HomeNewsArchivesGovernor Submits Bill to Keep Health Insurance from Lapsing

Governor Submits Bill to Keep Health Insurance from Lapsing

Sept. 17, 2008 — Legislation submitted by the governor earlier this week seeks to renew the government's health-insurance plan, which has jumped from an overall cost of $96.5 million to $103.8 million for fiscal year 2009.
The current health-insurance package — for which the government covers 65 percent of premium costs while employees pick up the remaining 35 percent — expires at the end of the month. To avoid a gap in employee health-insurance coverage, senators have to renew the contract within the next couple weeks so the proposed plan can go into effect by Oct. 1.
An effort to meet all legal requirements laid out in the V.I. Code caused delays in the renewal process, deJongh said in a letter to Senate President Usie R. Richards sent Tuesday along with the bill.

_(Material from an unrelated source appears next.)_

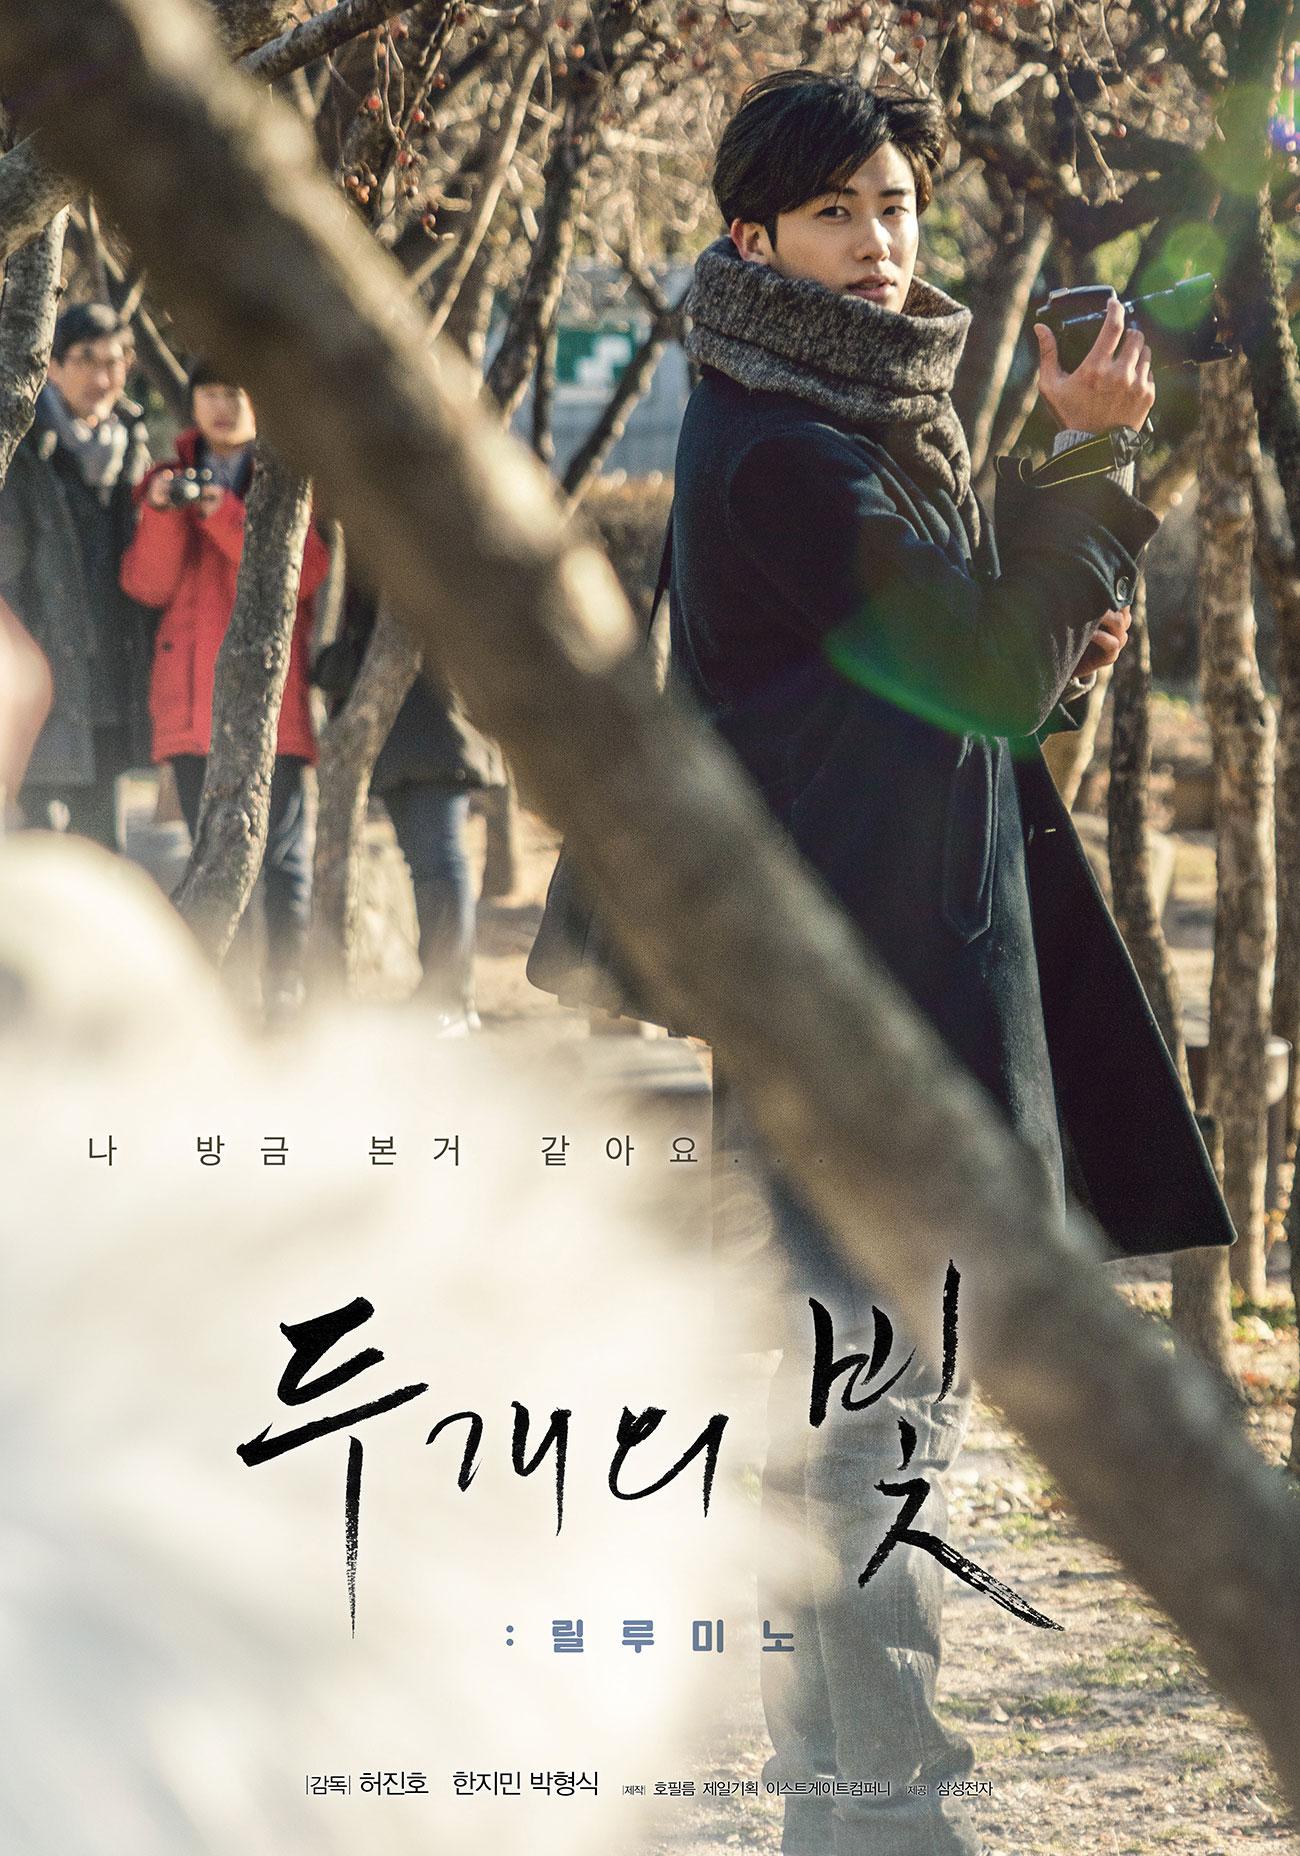 Two Lights: Relumino - Park Hyung Sik

"As you are aware, any health insurer contracting to provide coverage for employees of the government of the Virgin Islands must do so through a preferred provider organization (PPO) in the Virgin Islands," the governor explained. "In this instance, CIGNA has been negotiating separate agreements with the only preferred provider organization in the territory, V.I. Equicare Inc."
Difficulties in resolving various issues related to the agreement prevented the government's Health Insurance Board from hammering out its contract with CIGNA, the deJongh wrote.
The governor and some of his senior staff members met in August with members of the Health Insurance Board, along with V.I. Equicare and CIGNA representatives, to help iron out the issues and finalize an agreement.
"I am pleased to state that the parties did resolve their contentions and I now present to the 27th Legislature the second renewal agreement," deJongh wrote to Richards.
Under the renewed plan, the government will spend the most on medical and prescription drug benefits
"For the fiscal year ending Sept. 30, 2008, it is estimated that total annual cost for this coverage will have totaled $96.5 million — of which the government will have paid 65 percent and employees/retirees will have paid 35 percent," deJongh wrote. "For FY 2008, we are now recommending a $7.3 million increase to $103.8 million. The payment percentages between the government and employees/retirees remain as is, bringing the government's increase to about $4.8 million."
Dental benefits are the second-highest cost, he said.
"For the fiscal year ending Sept. 30, 2008, it is estimated that total annual cost for this coverage will have totaled $3.6 million," deJongh said. "For FY 2009, we are recommending an increase to $3.7 million. Since the payment percentages between the government and employees/retirees remain as is, the government's increase is $125,000."
The dental-insurance agreement does not require Senate approval since there were no changes made to the plan for FY 2009, according to deJongh.